Piet Hut (born September 26, 1952) is a Dutch-American astrophysicist, who divides his time between research in computer simulations of dense stellar systems and broadly interdisciplinary collaborations, ranging from other fields in natural science to computer science, cognitive psychology and philosophy.

He is currently the Head of the Program in Interdisciplinary Studies at the Institute for Advanced Study (IAS) in Princeton, New Jersey, USA. Asteroid 17031 Piethut is named after him, in honor of his work in planetary dynamics and for co-founding the B612 Foundation, which focuses on prevention of asteroid impacts on Earth.

Career
In the Netherlands, Hut did a double PhD program, at Utrecht University, in particle physics under Martinus Veltman and in Amsterdam in astrophysics under Ed van den Heuvel, resulting in a PhD at the University of Amsterdam.

Previously an assistant professor at the University of California, Berkeley, Hut was in 1985, at the age of 32, appointed as a full professor at the Institute for Advanced Study. At the time, he was the youngest professor appointed there.

Hut became a corresponding member of the Royal Netherlands Academy of Arts and Sciences in 1996.

Astrophysics research
An accomplished astrophysicist, Hut is best known for the Barnes–Hut simulation algorithm, developed with Joshua Barnes.  By using a tree-based data structure, the Barnes–Hut method significantly speeds up the calculation of the gravitational motion of large numbers of stars, making accessible such problems as collisions between galaxies.

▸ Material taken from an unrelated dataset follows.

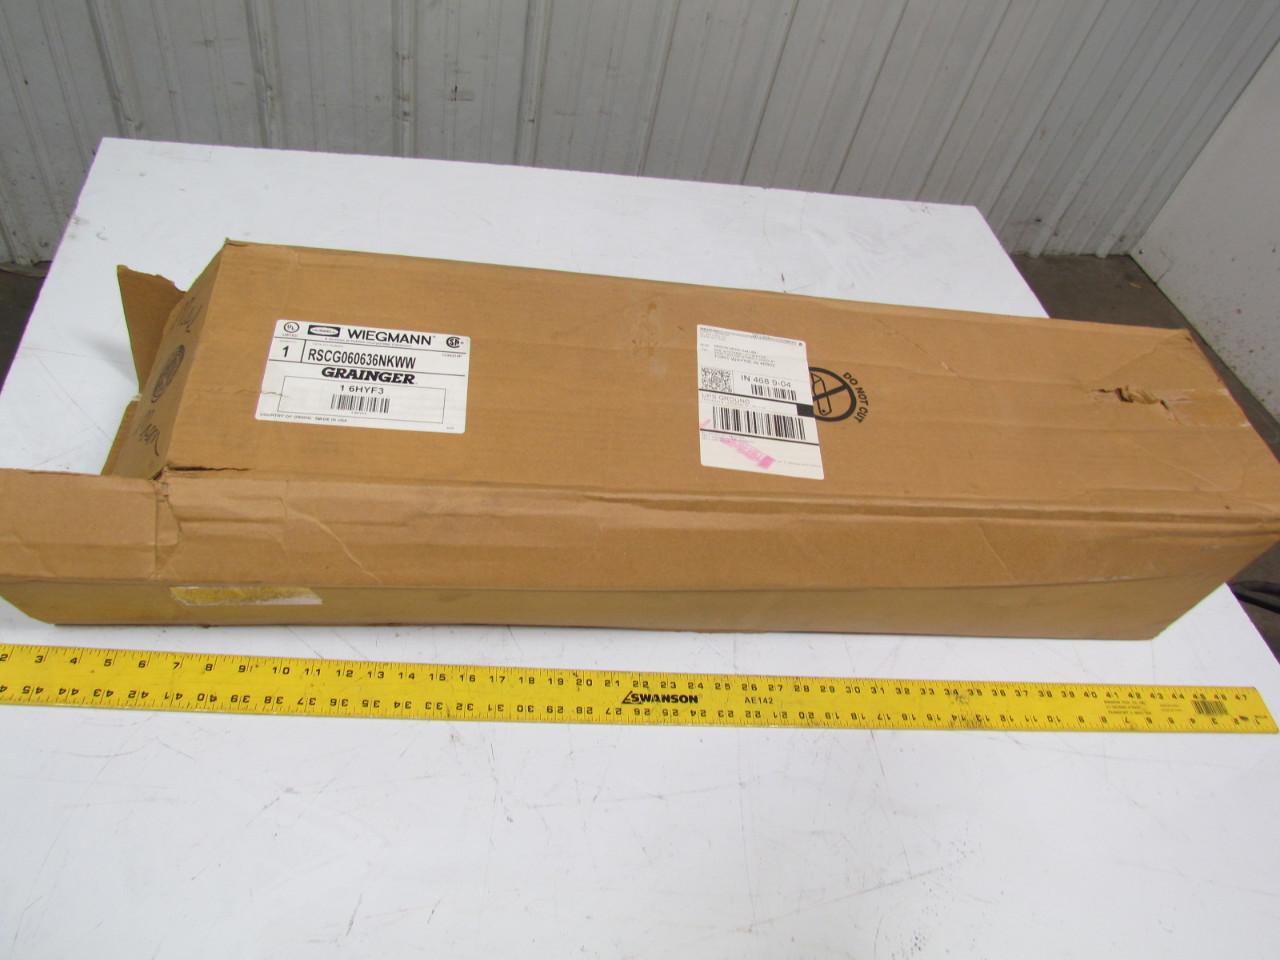 Wiegmann Wiring Trough Diagrams For Dummies Nema 3r Rsc060636nkww Electrical Box Wire

Barnes–Hut simulation algorithm, which has become a standard in N-body problems, reduces its complexity to N log N.

Hut introduced the concept of pseudo-synchronicity, which is now widely cited in the literature on tidal evolution of exoplanets.

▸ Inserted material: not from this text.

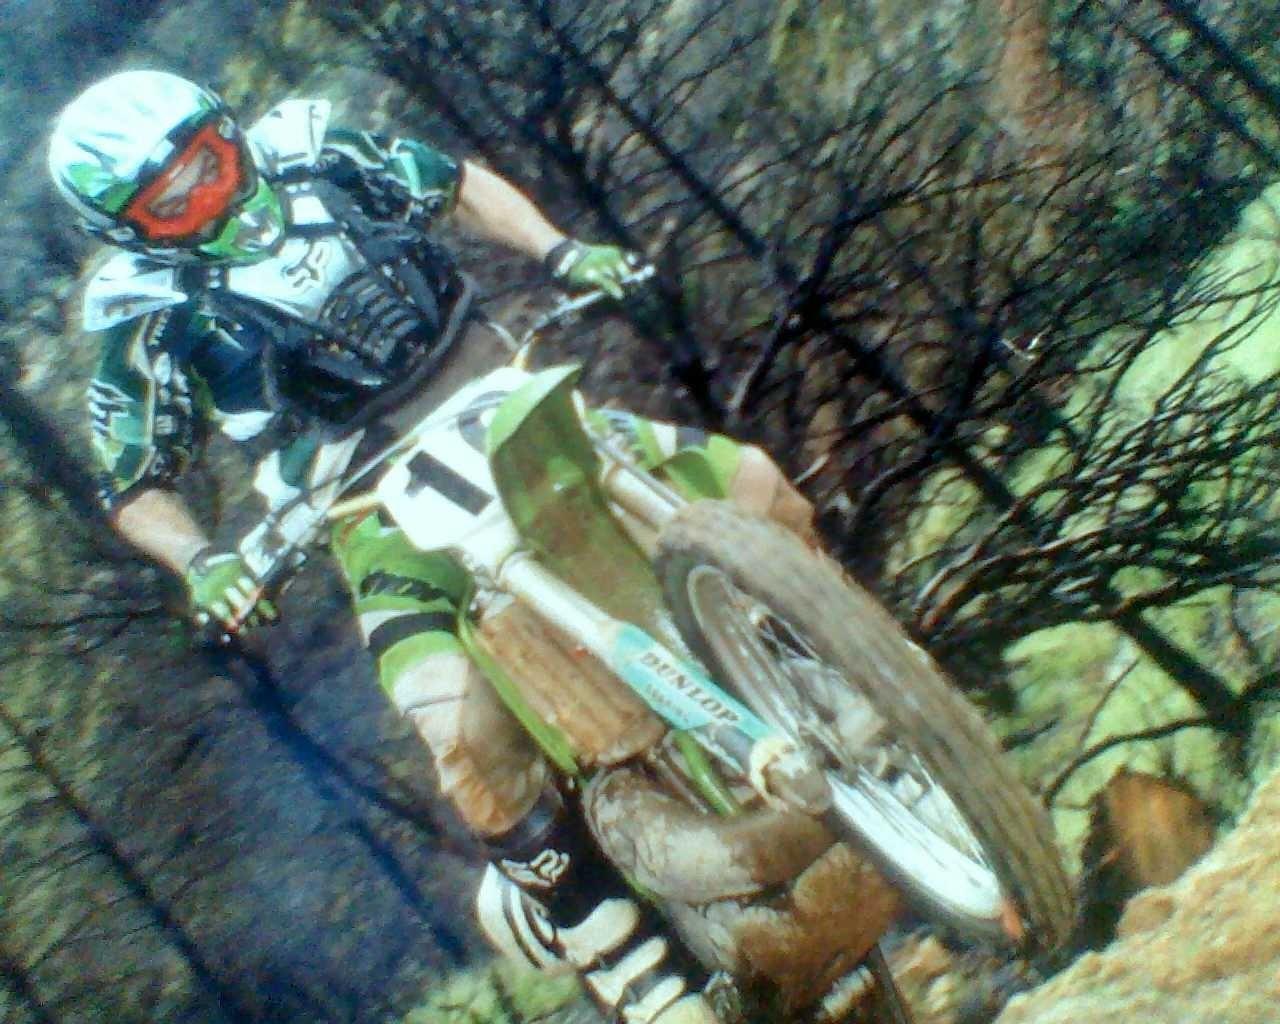 kx1 - gsxr6 - Motocross Pictures - Vital MX

He co-authored a graduate textbook "The Gravitational Million Body Problem"., invented a mathematical sequence called Piet Hut's "coat-hanger" sequence, and has pioneered the use of virtual worlds for research and education in (astro)physics.

Hut is one of the founders of the B612 Foundation, MODEST, MICA, ACS, the GRAPE (Gravity Pipe) project, and AMUSE.

Interdisciplinary research
Hut's broadly interdisciplinary research
started with his study of an asteroid impact to explain the demise of the dinosaurs, when he edited a review article for Nature with four paleontologists, two geologists and one other astrophysicist.
He has also widely engaged in joint research with computer scientists
and philosophers and cognitive psychologists.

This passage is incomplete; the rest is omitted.